Forty years later, TIME's former staffers remember their final days in the Vietnamese city

It was 40 years ago that Roy Rowan heard the surprising song coming through the radio in Saigon. Rowan was in the city as a correspondent covering the Vietnam War for TIME. It had been clear for weeks that the end of the war was imminent. But, until that moment, hearing a Christmas song in April, it hadn’t been clear just how soon the end would come.
“The ending was very dramatic, as everybody knows,” Rowan recalls. “The signal to evacuate was ‘White Christmas.’ I remember waking up at 3:00 in the morning and hearing ‘White Christmas’ and wondering what the hell it was going to be like trying to walk out of this place.”
Rowan is now 95, but his memory of that day is sharp. The details he summons 40 years later match those he related in the pages of TIME during those hectic weeks in 1975: the sound of the shelling, the fear of the approaching army, the sight of Tan Son Nhut airport fading away into the distance as he and his colleagues choppered away.

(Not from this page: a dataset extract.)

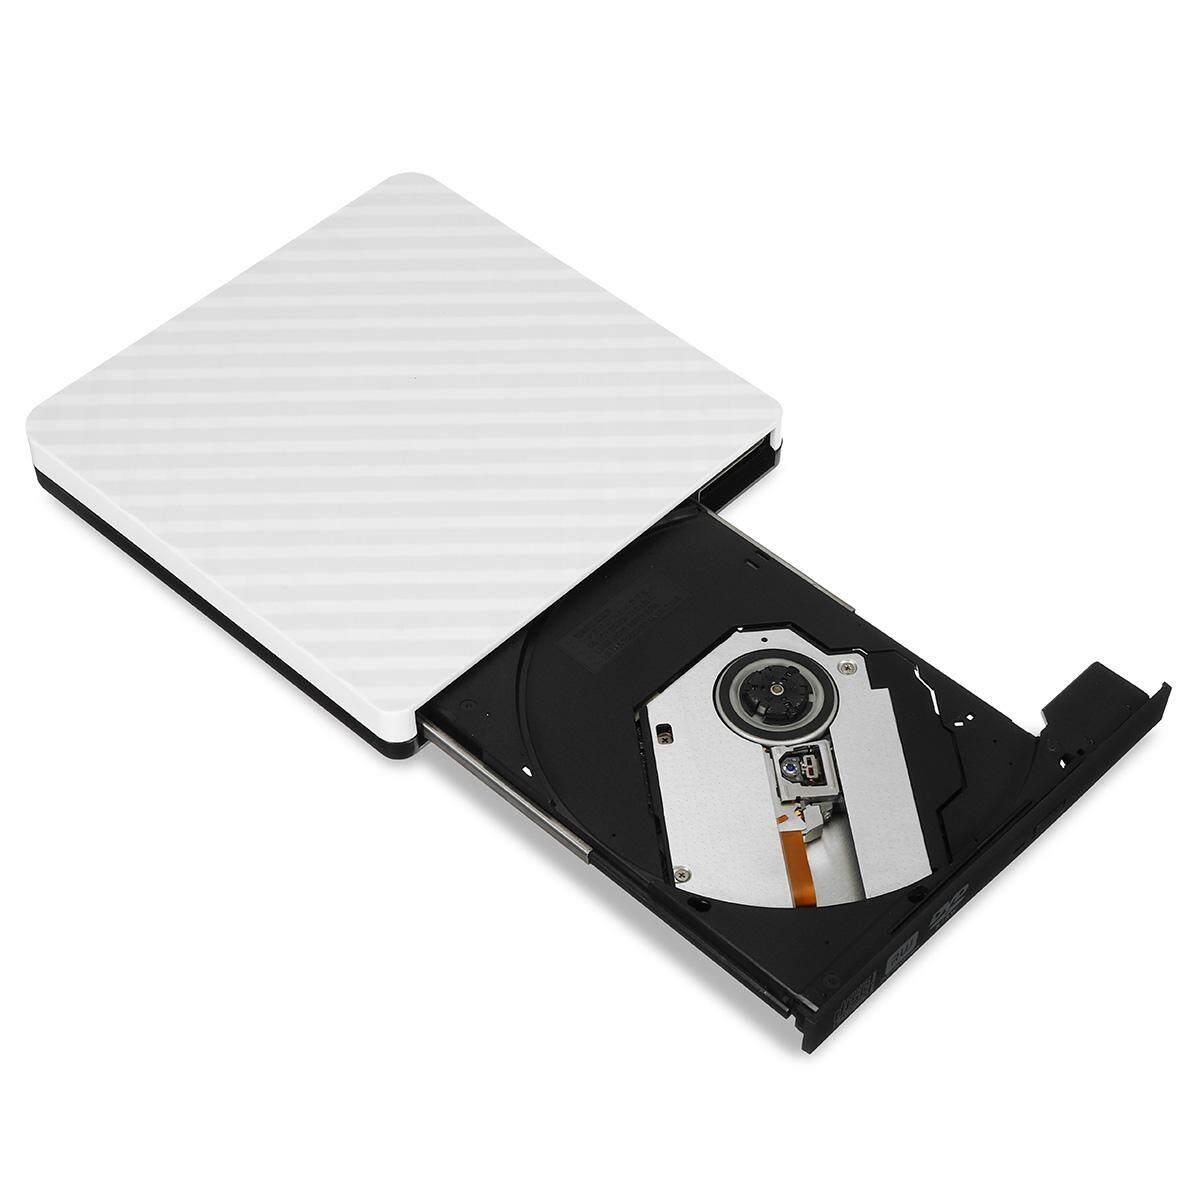 USB 3.0 Bên Ngoài DVD RW CD Rw DVD±RW Ổ ĐĨA DVD Đốt DVD Rewriter Máy Photocopy-quốc tế Đang Bán Tại Audew

After a war that dragged on for years, it all happened quickly. Less than two months before, the communist forces of North Vietnam attacked in the highlands north of Saigon. The decision by the Southern forces to withdraw from that area backfired as the North continued to advance. Amid political turnover in Saigon, ceasefire proposals were rejected. The North would not rest until the Americans were gone. On April 28, the airport came under fire; President Gerald Ford made the decision to launch Operation Frequent Wind, the emergency evacuation of all Americans.
In those few weeks of warning, TIME had worked to evacuate its Vietnamese staffers, who might have faced retribution if they were left behind. It took until the last week for them and their families to get out — twice the plan had been cancelled, and Secretary of State Henry Kissinger had gotten directly involved. (Pham Xuan An was the only staffer to stay behind.) Saigon bureau chief Peter Ross Range got out around the same time.
“When the end came, it came with stunning swiftness,” Range, now 73, says, “but it was not a total surprise to most of us.”
That left Rowan, correspondent Bill Stewart, and photographers Dirck Halstead and Mark Godfrey to be evacuated on the last day. Hearing the signal to evacuate, they made their way out of the Continental Palace Hotel and to an assembly point nearby, under the watchful eye of the armed militiamen whom they were leaving behind. They ended up at the airport, under Marine guard, waiting for the word that the helicopters were ready. Later, safely on board the U.S.S. Mobile, Rowan sent the magazine a cable, which ran under the headline “This Is It! Everybody Out!”:
Just as our group of 50 prepared to leave, that rule was changed to make way for more passengers: the Marine at the door shouted, “No baggage!” Suitcases and bags were ripped open as evacuees fished for their passports, papers and other valuables. I said goodbye to my faithful Olivetti, grabbed my tape recorder and camera and got ready to run like hell. The door opened. Outside I could see helmeted, flak-jacketed Marines—lots of them —crouched against the building, their M16s, M-79 grenade launchers and mortars all at the ready.
We could view the whole perimeter.
There was a road leading to a parking lot, and on the left was a tennis court that had been turned into a landing zone.
Two Sikorsky CH-53 Sea Stallions were sitting in the parking lot. I raced for it. Marines, lying prone, lined the area, but they were hard to see because their camouflaged uniforms blended with the tropical greenery. I almost stepped on a rifle barrel poking out from under a bush as I entered the lot.
The Sea Stallion was still 200 ft. away, its loading ramp down and its rotors slashing impatiently. Fifty people, some lugging heavy equipment despite the order to abandon all baggage, piled in, one atop another: correspondents, photographers and Vietnamese men, women and children. The loadmaster raised the ramp, the two waist gunners gripped the handles of their M16s, and, with about a dozen passengers still standing like subway straphangers, the helicopter lifted off.
The confusion of the war had dissipated, leaving one indisputable fact: the U.S. was no longer in Vietnam. “Perhaps appropriately,” the magazine noted, “the American goodbye to Viet Nam was the one operation in all the years of the war that was utterly without illusion.”
On the morning of April 30, 1975—exactly 40 years ago—the last U.S. helicopter lifted off and South’s President Minh surrendered unconditionally. That afternoon, the surrender was accepted. Word came from the Provisional Revolutionary Government: Saigon was liberated, and Saigon was no more. It would be known as Ho Chi Minh city, and it was theirs.